From: Wei Yang <richard.weiyang@gmail.com>
To: Lance Yang <lance.yang@linux.dev>
Cc: richard.weiyang@gmail.com, akpm@linux-foundation.org,
david@kernel.org, ljs@kernel.org, riel@surriel.com,
liam@infradead.org, vbabka@kernel.org, harry@kernel.org,
jannh@google.com, balbirs@nvidia.com, ziy@nvidia.com,
sj@kernel.org, linux-mm@kvack.org, stable@vger.kernel.org
Subject: Re: [Patch v2] mm/page_vma_mapped: revalidate and do proper check before return device-private pmd
Date: Sat, 20 Jun 2026 02:02:32 +0000 [thread overview]
Message-ID: <20260620020232.53ifdvjnypcz55ot@master> (raw)
In-Reply-To: <20260619121909.90510-1-lance.yang@linux.dev>
On Fri, Jun 19, 2026 at 08:19:09PM +0800, Lance Yang wrote:
>
>On Fri, Jun 19, 2026 at 02:30:25AM +0000, Wei Yang wrote:
>>On Wed, Jun 17, 2026 at 08:18:15AM +0000, Wei Yang wrote:
>>>On Wed, Jun 17, 2026 at 10:32:11AM +0800, Lance Yang wrote:
>>>>
>>>>On Tue, Jun 16, 2026 at 11:50:22PM +0000, Wei Yang wrote:
>>>>>On Tue, Jun 16, 2026 at 08:30:01PM +0800, Lance Yang wrote:
>>>>>>
>>>>>>On Tue, Jun 16, 2026 at 06:34:36AM +0000, Wei Yang wrote:
>>>>>>[...]
>>>>>>>diff --git a/mm/page_vma_mapped.c b/mm/page_vma_mapped.c
>>>>>>>index 2ccbabfb2cc1..21635fab209c 100644
>>>>>>>--- a/mm/page_vma_mapped.c
>>>>>>>+++ b/mm/page_vma_mapped.c
>>>>>>>@@ -243,40 +243,28 @@ bool page_vma_mapped_walk(struct page_vma_mapped_walk *pvmw)
>>>>>>> */
>>>>>>> pmde = pmdp_get_lockless(pvmw->pmd);
>>>>>>>
>>>>>>>- if (pmd_trans_huge(pmde) || pmd_is_migration_entry(pmde)) {
>>>>>>>- pvmw->ptl = pmd_lock(mm, pvmw->pmd);
>>>>>>>- pmde = *pvmw->pmd;
>>>>>>>- if (!pmd_present(pmde)) {
>>>>>>>- softleaf_t entry;
>>>>>>>-
>>>>>>>- if (!thp_migration_supported() ||
>>>>>>>- !(pvmw->flags & PVMW_MIGRATION))
>>>>>>>- return not_found(pvmw);
>>>>>>>- entry = softleaf_from_pmd(pmde);
>>>>>>>-
>>>>>>>- if (!softleaf_is_migration(entry) ||
>>>>>>>- !check_pmd(softleaf_to_pfn(entry), pvmw))

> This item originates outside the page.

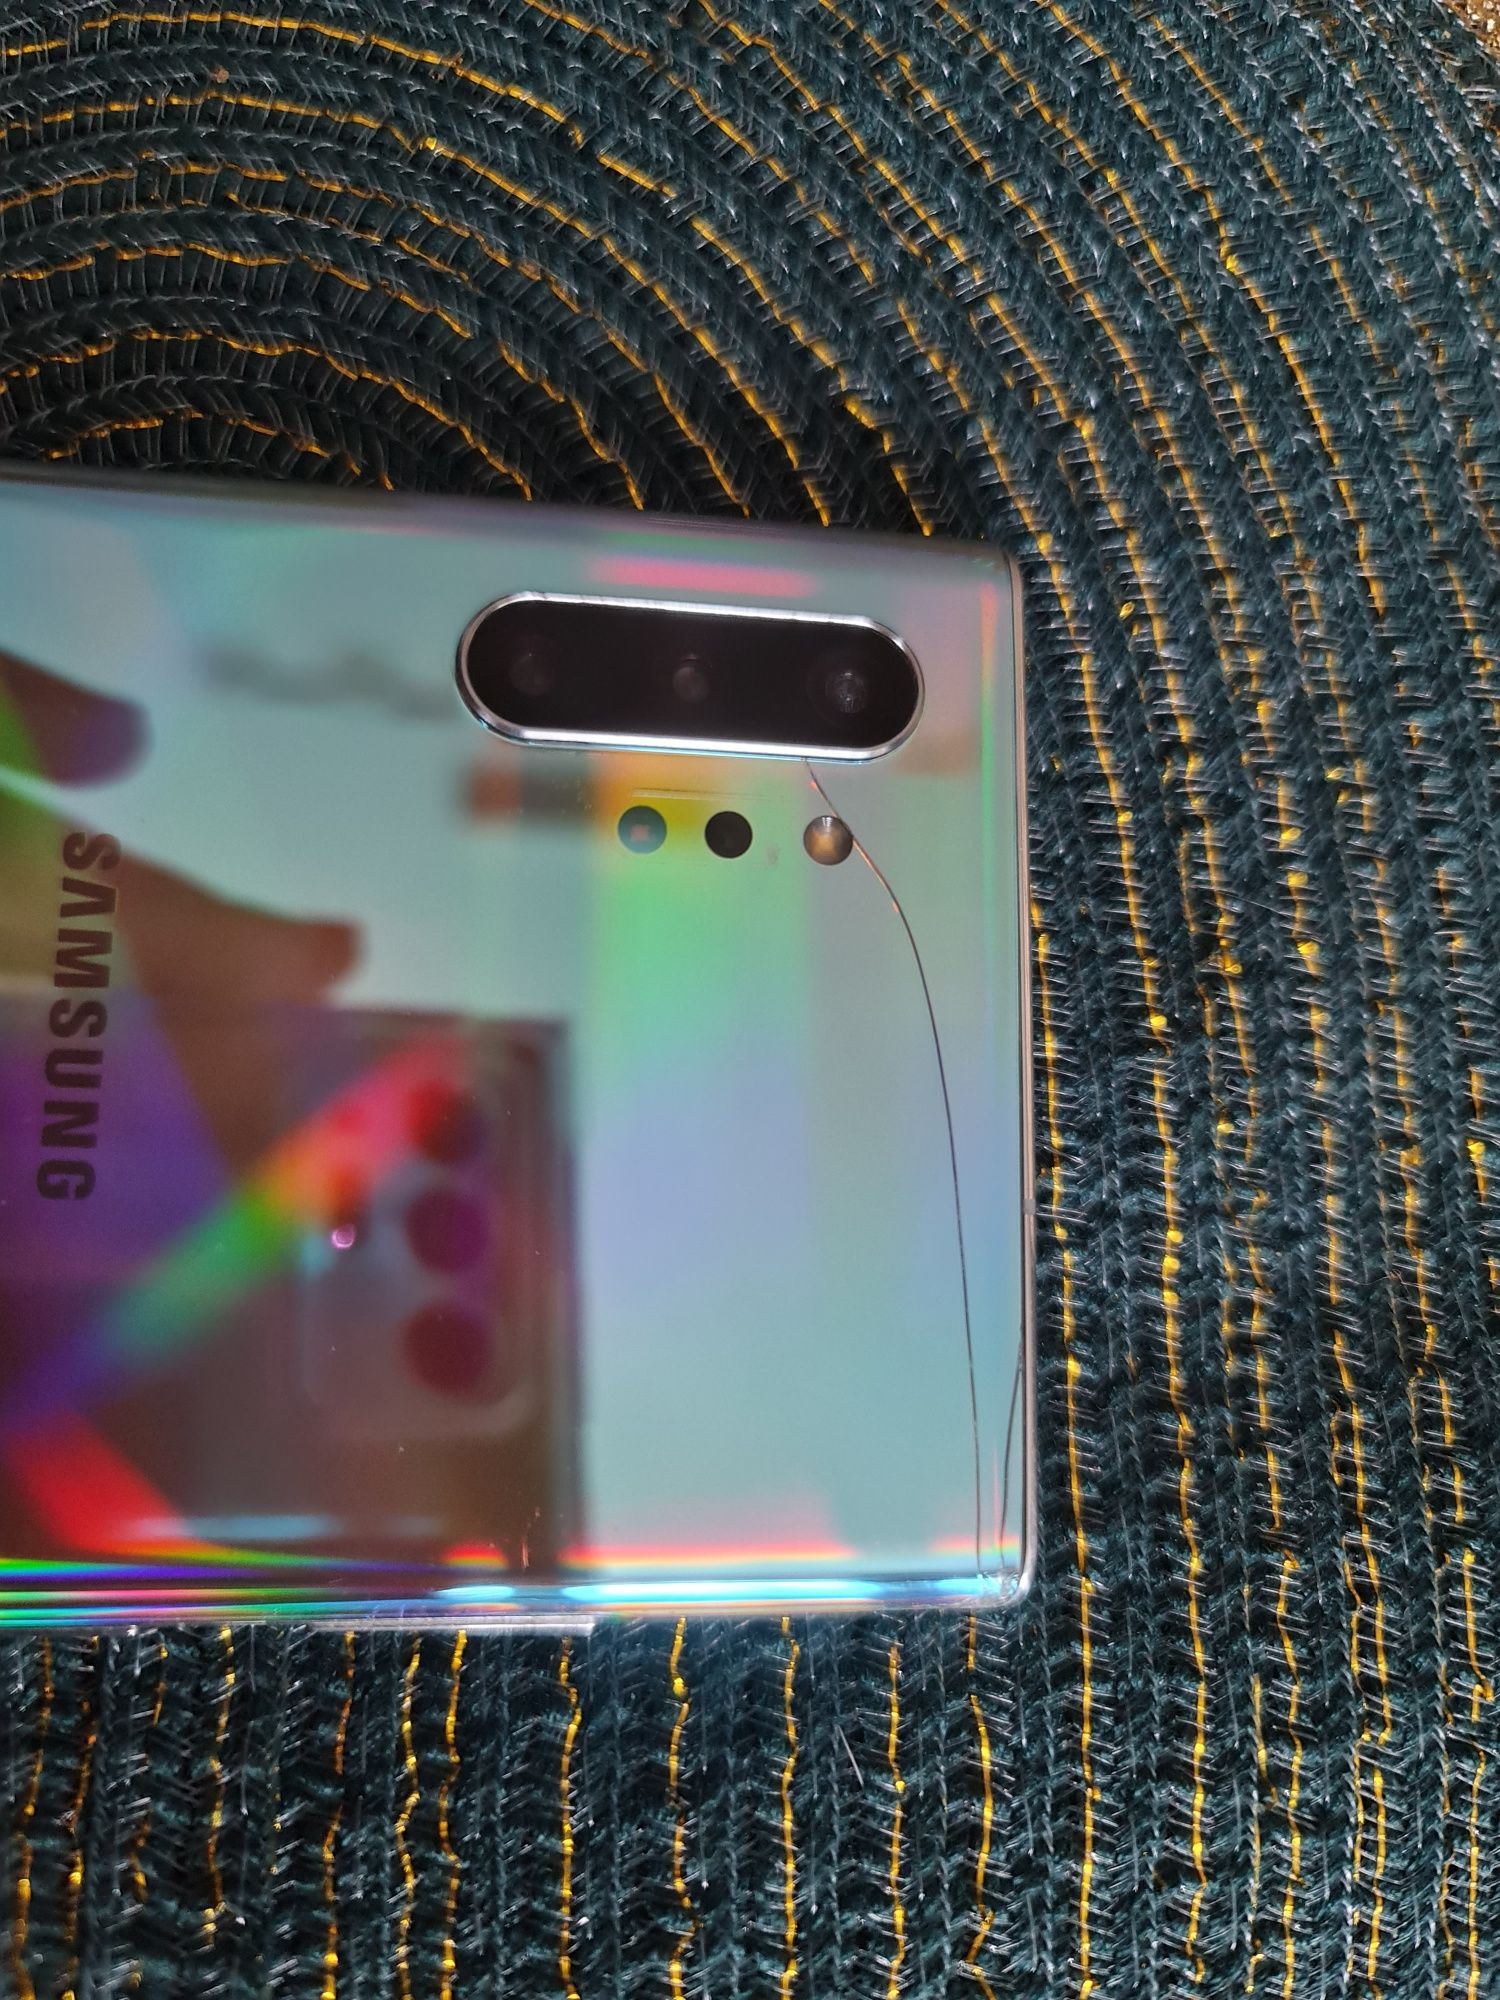 Samsung Galaxy Note 10+ Plus Aura Glowa 256BG

>>>>>>>- return not_found(pvmw);
>>>>>>>- return true;
>>>>>>>- }
>>>>>>>- if (likely(pmd_trans_huge(pmde))) {
>>>>>>>- if (pvmw->flags & PVMW_MIGRATION)
>>>>>>>- return not_found(pvmw);
>>>>>>>- if (!check_pmd(pmd_pfn(pmde), pvmw))
>>>>>>>- return not_found(pvmw);
>>>>>>>- return true;
>>>>>>>- }
>>>>>>>- /* THP pmd was split under us: handle on pte level */
>>>>>>>- spin_unlock(pvmw->ptl);
>>>>>>>- pvmw->ptl = NULL;
>>>>>>>- } else if (!pmd_present(pmde)) {
>>>>>>>- const softleaf_t entry = softleaf_from_pmd(pmde);
>>>>>>>-
>>>>>>>- if (softleaf_is_device_private(entry)) {
>>>>>>>- pvmw->ptl = pmd_lock(mm, pvmw->pmd);
>>>>>>>- return true;
>>>>>>>- }
>>>>>>>+ if (pmd_present(pmde)) {
>>>>>>>+ if (!pmd_leaf(pmde))
>>>>>>>+ goto pte_table;
>>>>>>>+ if (pvmw->flags & PVMW_MIGRATION)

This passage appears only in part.